Charles Hoskinson has closed the family-backed medical clinic he opened in Gillette, Wyoming, citing structural financial losses and a healthcare system that doesn't support primary care. The clinic served about 22,000 patients — two-thirds of the town's population — but burned through cash from day one. Hoskinson now says his focus is squarely back on Cardano and the Midnight protocol.

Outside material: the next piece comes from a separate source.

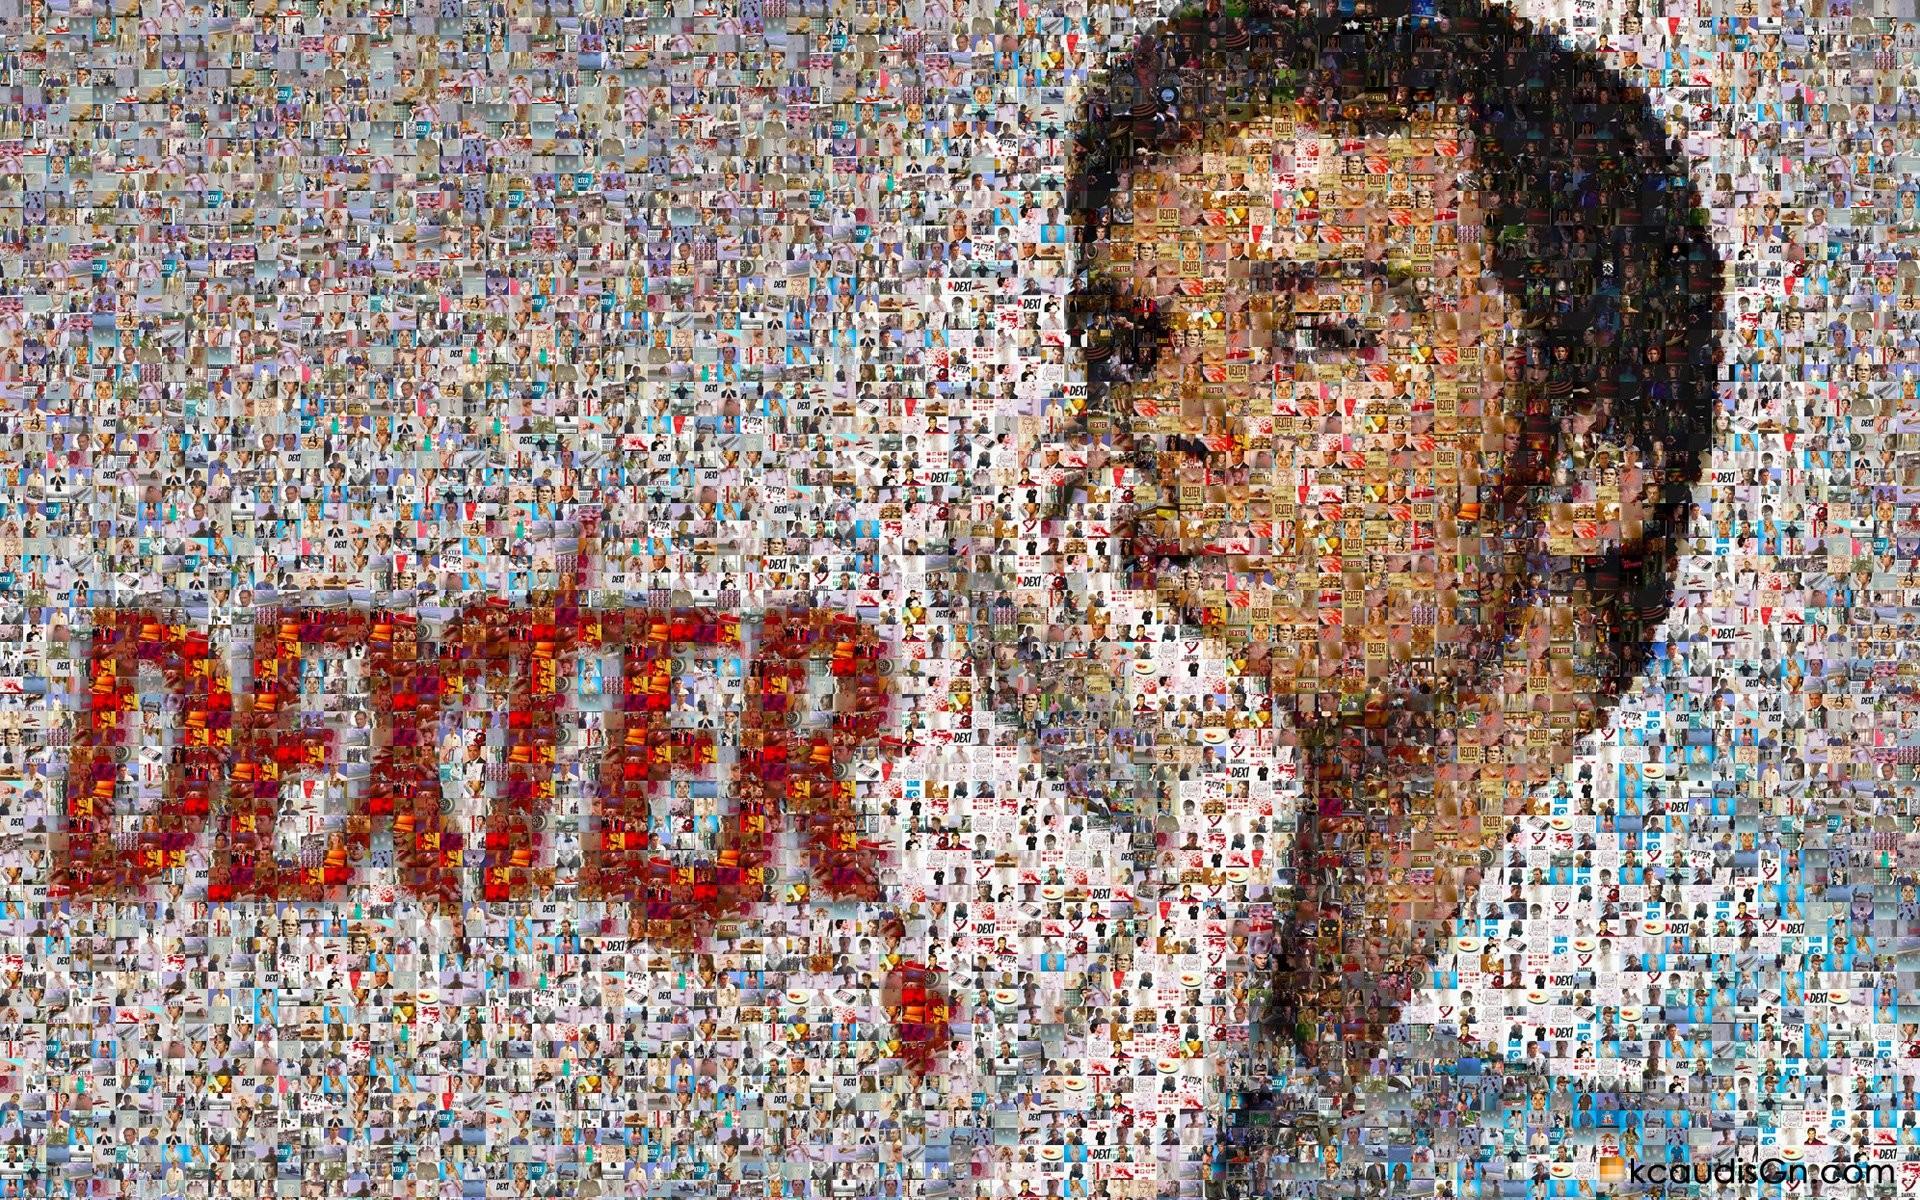 Dexter 685889

The clinic's financial reality
Losses started at $4 million a month and were later trimmed to $1.7 million, but that wasn't enough. Hoskinson emphasized the problem was operational expenses, not capital costs. “Even a steel warehouse would still lose money,” he said. The math never worked. Reimbursements for primary and mental health care couldn't cover what it cost to keep the doors open, and no local or state subsidies arrived to bridge the gap.
Why it failed
Hoskinson called the clinic “a charity, not a business.” He didn't spare the U.S. healthcare system. His take: the system rewards procedures and pharmaceuticals, not the routine care most people actually need. Without private-equity-style management or outside support, a clinic serving a small city can't survive on insurance payments alone. The timing isn't great for the community — Gillette just lost its largest primary care provider.

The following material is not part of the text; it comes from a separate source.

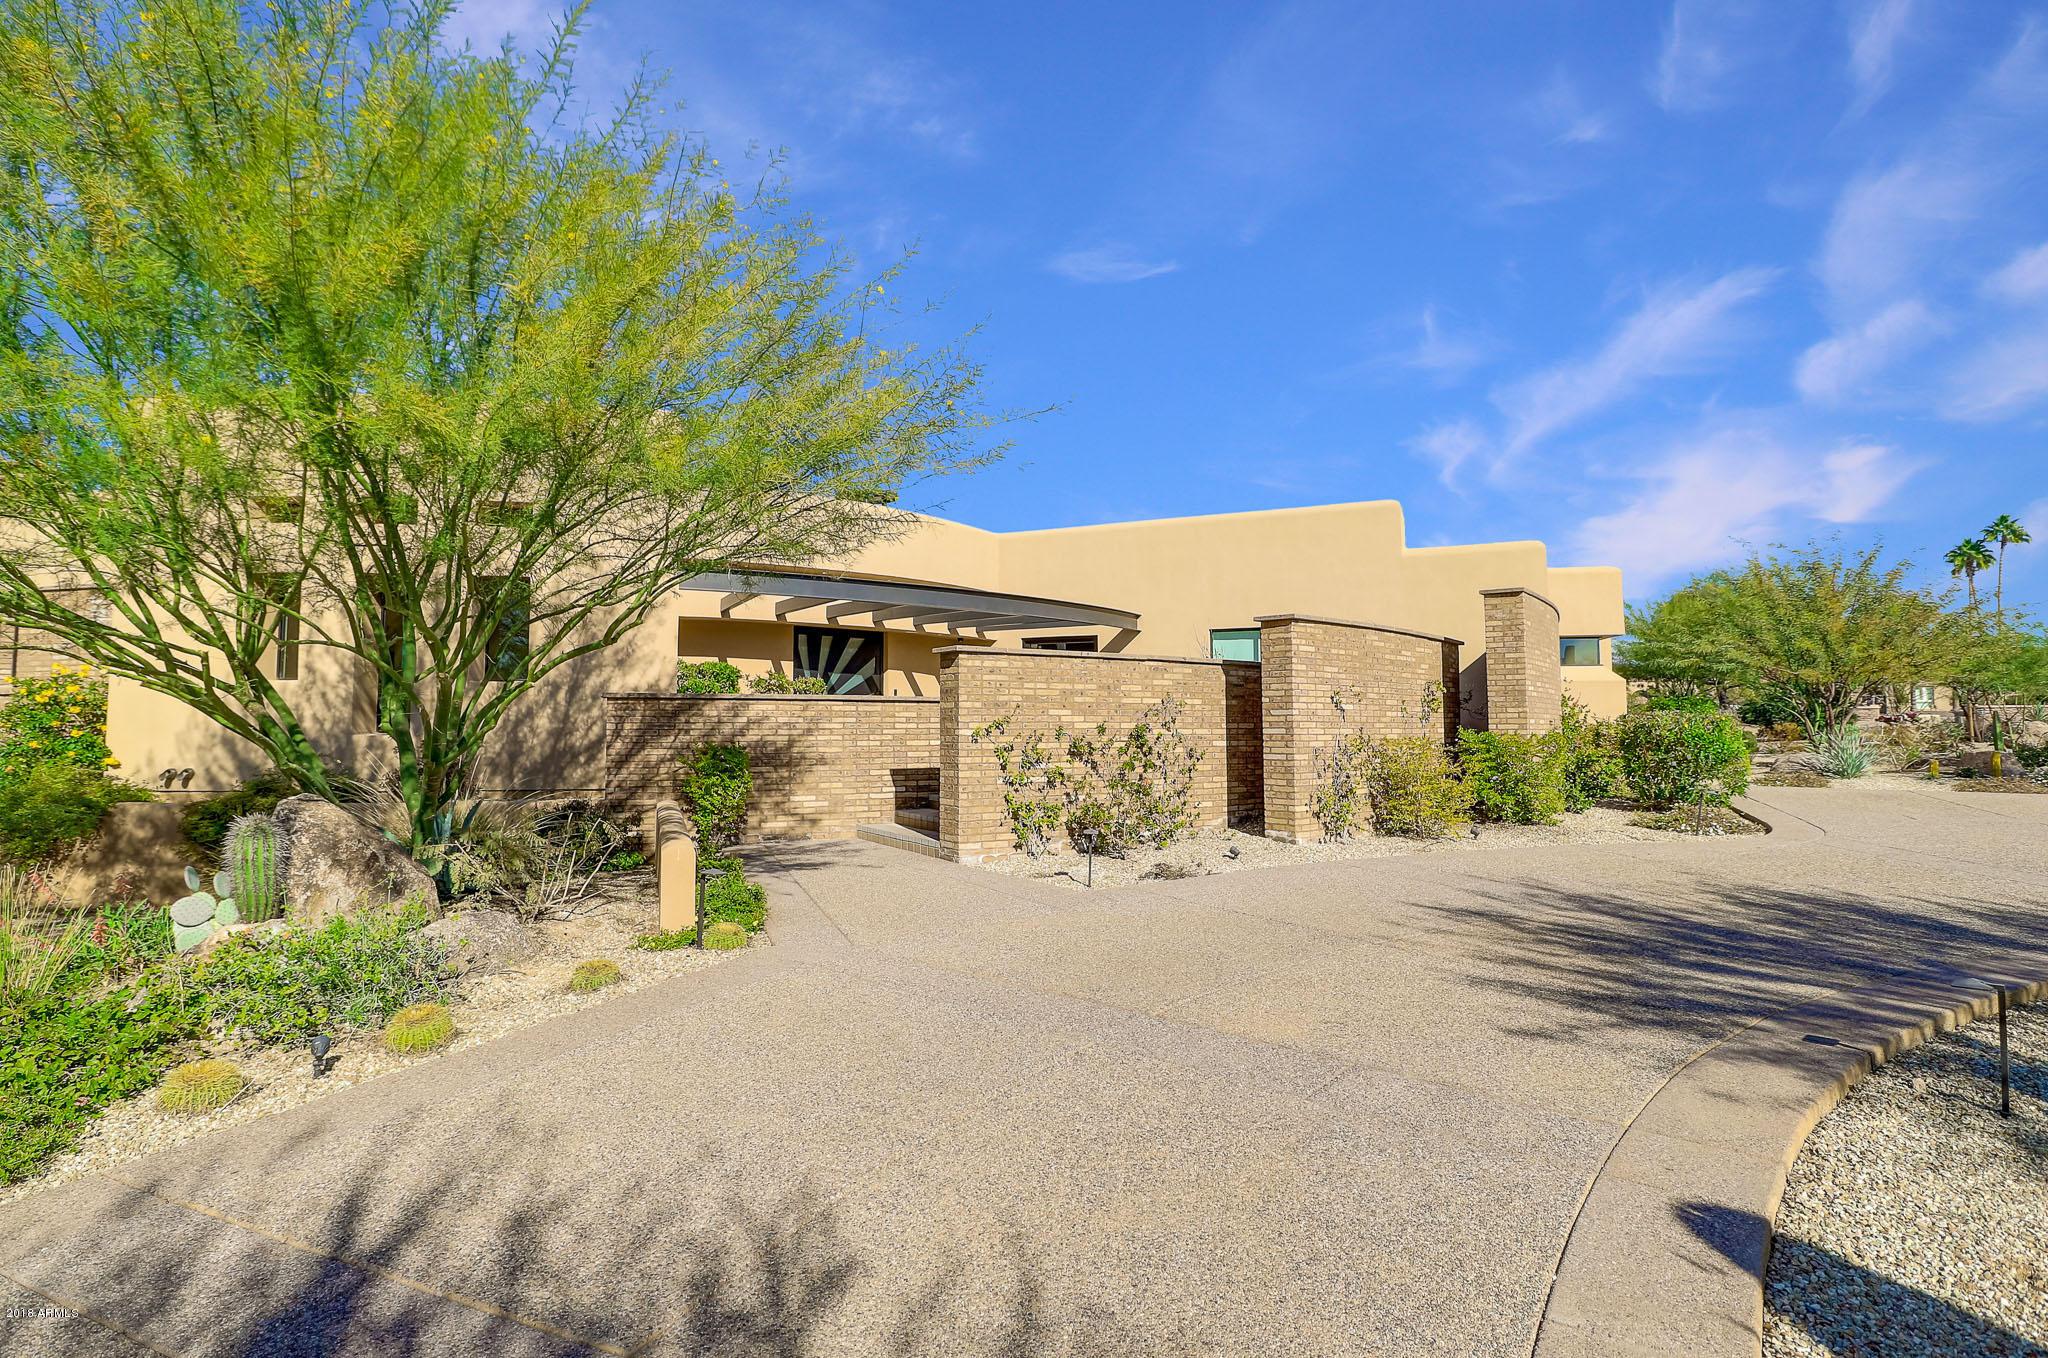 Photo of 8116 E VISTA BONITA Drive, Scottsdale, AZ 85255

He's turning back to crypto full-time. Hoskinson said his priority is getting Cardano back into the top 5 or 10 cryptocurrencies by market cap and driving adoption of Midnight, a privacy-focused sidechain. The clinic building will sit empty unless another healthcare operator steps in. Hoskinson confirmed he has enough personal funds to cover all the clinic's debts, but he's done running it. ADA traded at $0.23 as of the announcement.